We know that  breathing is controlled unconsciously by the brainstem, and humans are the only species that have the ability to alter their breathing pattern in response to emotional stimuli and mental effort.  Our thoughts and emotions do indeed affect our breathing habit.  

So engage in learning to regulate your breath by counting on the inhalation and on the exhalation.  Learn to elongate the exhalation.  Practice 5 minutes a day by setting your timer and stop what you are doing to tune into your breath.


Zelano, C., et al. (2016). Nasal Respiration Entrains Human Limbic Oscillations and Modulates

Cognitive Function. J. Neurosci., 6: 12448 –12467 [Abstract]


The brain can change, this change is measurable and our thinking affects it.

We can address the burnout problem in 2 way: recognize the root of the problem, restore what is lost through practice.

Breath Awareness is one tool that can accomplish both.

Why is this important?

It translates into the body.

In order to cultivate the life that I want; I need to cultivate the mind.

We can cultivate a clear and resilient mind with practice.

Practice on what?

Ultimately, Meditation which starts with the breath.

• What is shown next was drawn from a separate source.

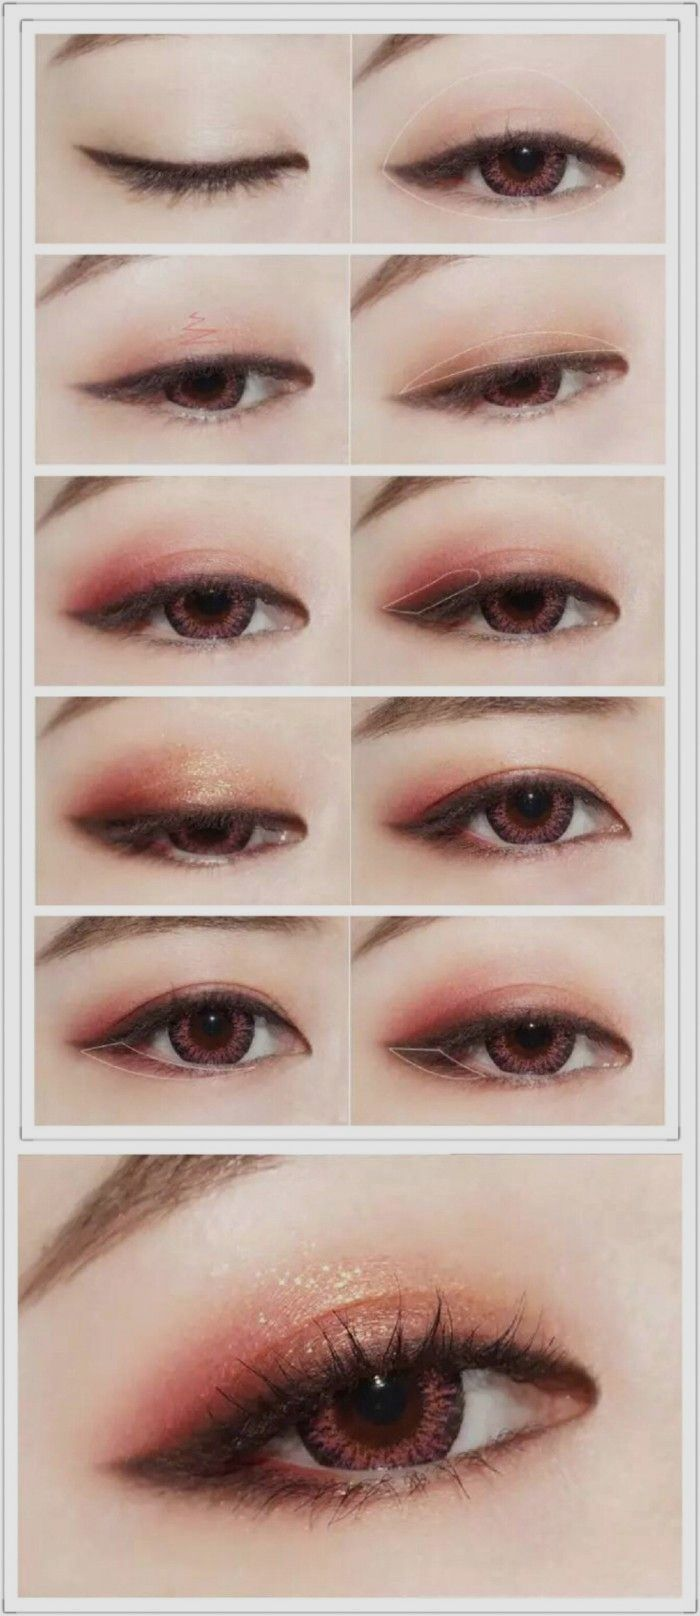 Korean Makeup Hacks Layering Eyeliner And Shadow Could Be Used To Make Eyes Look Bigger Apply Your Prime Korean Eye Makeup Korean Makeup Tips Asian Eye Makeup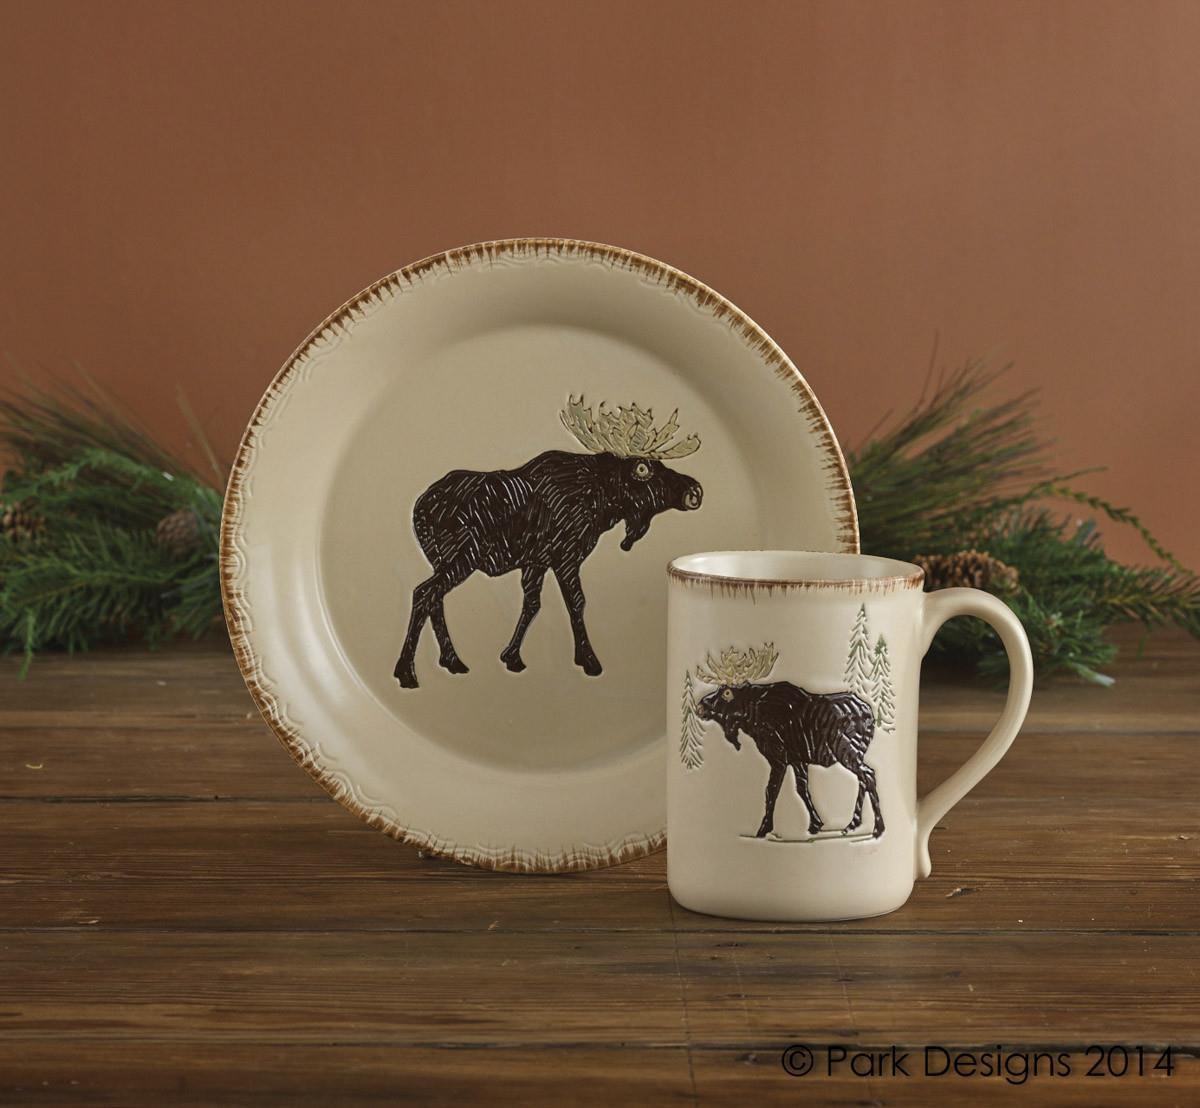 Rustic Retreat Dinnerware Collection -

Meditation practice delivers some benefits to the brain as well as your life

Meditation trains the brain.

We know the brain is Plastic and different parts grow and shrink depending on what we feed our mind through feelings, thoughts and actions.

And mediation grows areas involved  in emotion, self- control and resilience.  Three things that enhance our comfort and well being.

Health is awareness that flows through every part of the mind body complex.  And,

flexibility of mind is essential.  

Always remember, the energy of your mind is the  essence of life.